A big factor will be Fed interest rate cuts--past and future—now at 3.00 points and counting. The central bank’s aggressive rate cutting in the 1990-1991 recession helped the economy rebound quickly.
During that period the Fed basically halved rates and economy responded quickly, with the recession lasting just nine months. The Fed’s massive infusion of liquidity and deep rate cuts after the 9-11 attacks are also credited with making the 2001 recession uncharacteristically short and shallow.
“The decline in interest rates is dramatic, “ says Robert Brusca, chief economist of Fact And Opinion Economics. He adds that the “Fed cushioning”--combined with the fiscal stimulus package, which will kick in May when consumers receive the first tax rebate checks--may “prevent a technical recession.”
Breath, depth and duration are all key qualities to a recession. And though it is too soon to say anything about the duration, there’s data enough to support the view that every sector but exports is struggling. Exports may fuel economic growth, but not employment growth, as seen in the perpetual declines in manufacturing jobs.
The industrial side, however, has yet to show the deep contraction of the consumer side. The Fed’s Industrial production data, for instance, didn’t show a decline until February.
Another key will be the housing market, which has been in decline since mid 2006 and slumped severely in 2007, shaving something close to a full percent off of GDP.

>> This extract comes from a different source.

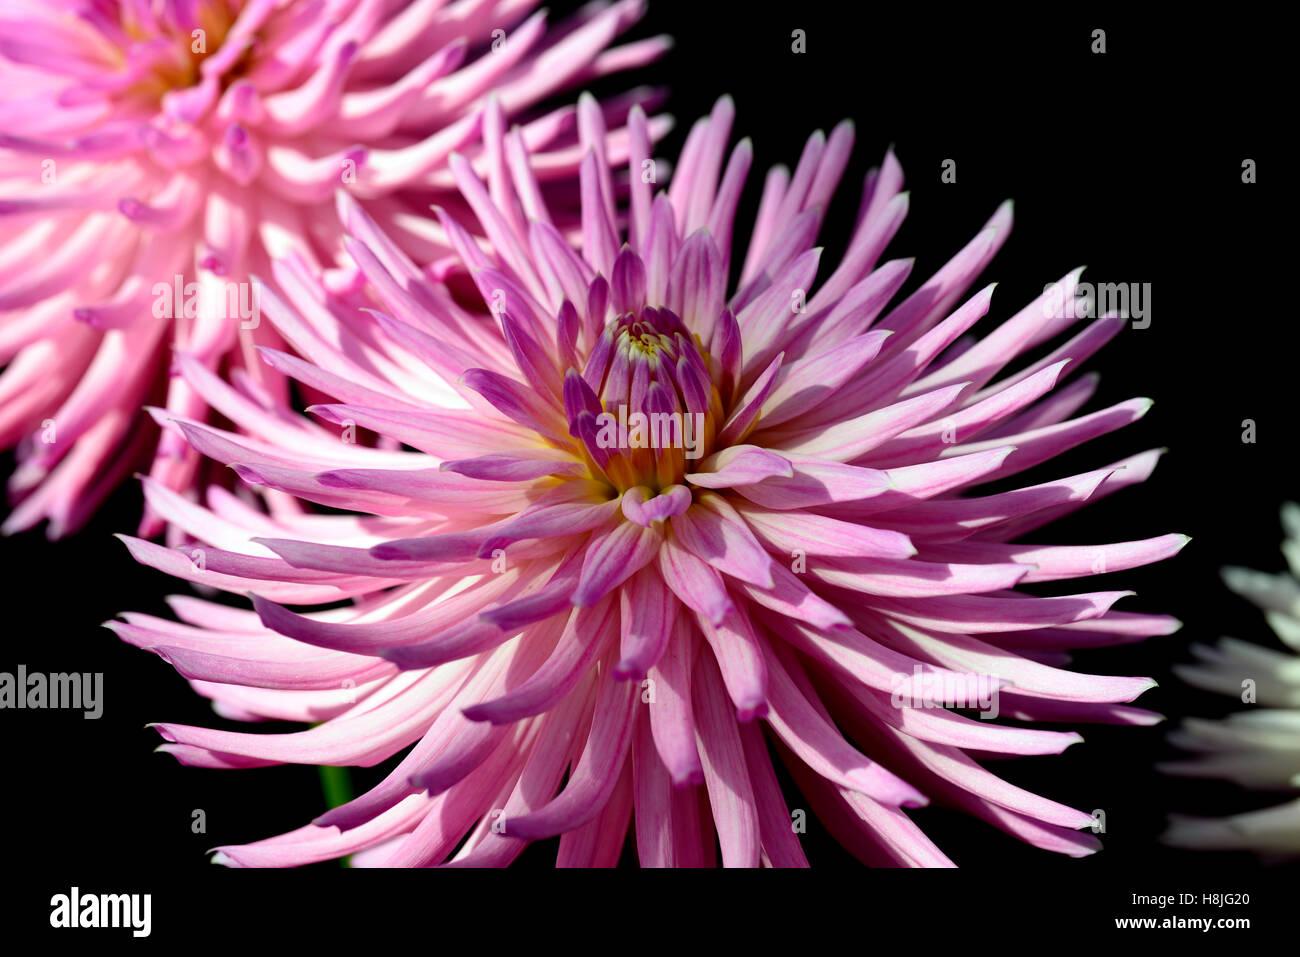 Dahlia deborahs kiwi cactus pink dahlias flower flowers flowering dahlia deborahs kiwi cactus pink dahlias flower flowers flowering perennial rm floral izmirmasajfo

“The housing market had been choking on fear,” says Nomura International chief economist David Resler, “But there have been encouraging indications that we are near setting a bottom.”
In that case, housing could become a neutral, if not positive factor, and "set the stage for improvement"
Optimism aside, Rupkey says the unemployment and payroll data clearly “increases the downside economic risks as the unemployed don't have the paychecks in hand to power consumer spending and the economy forward.”
Bernanke himself isn’t expecting much out of the economy in 2008, telling Congress that the Fed doesn’t “expect economic activity to strengthen in the second half of the year,” but won’t return to “its sustainable pace in 2009, bolstered by a stabilization of housing activity.”
Until that rebound, the difference between no growth and slow growth could be subtle, and, in the case of the labor market, invisible.
During the last recession-expansion cycle, the unemployment rate peaked in 2003, a year and a half after the recession officially ended in 2001.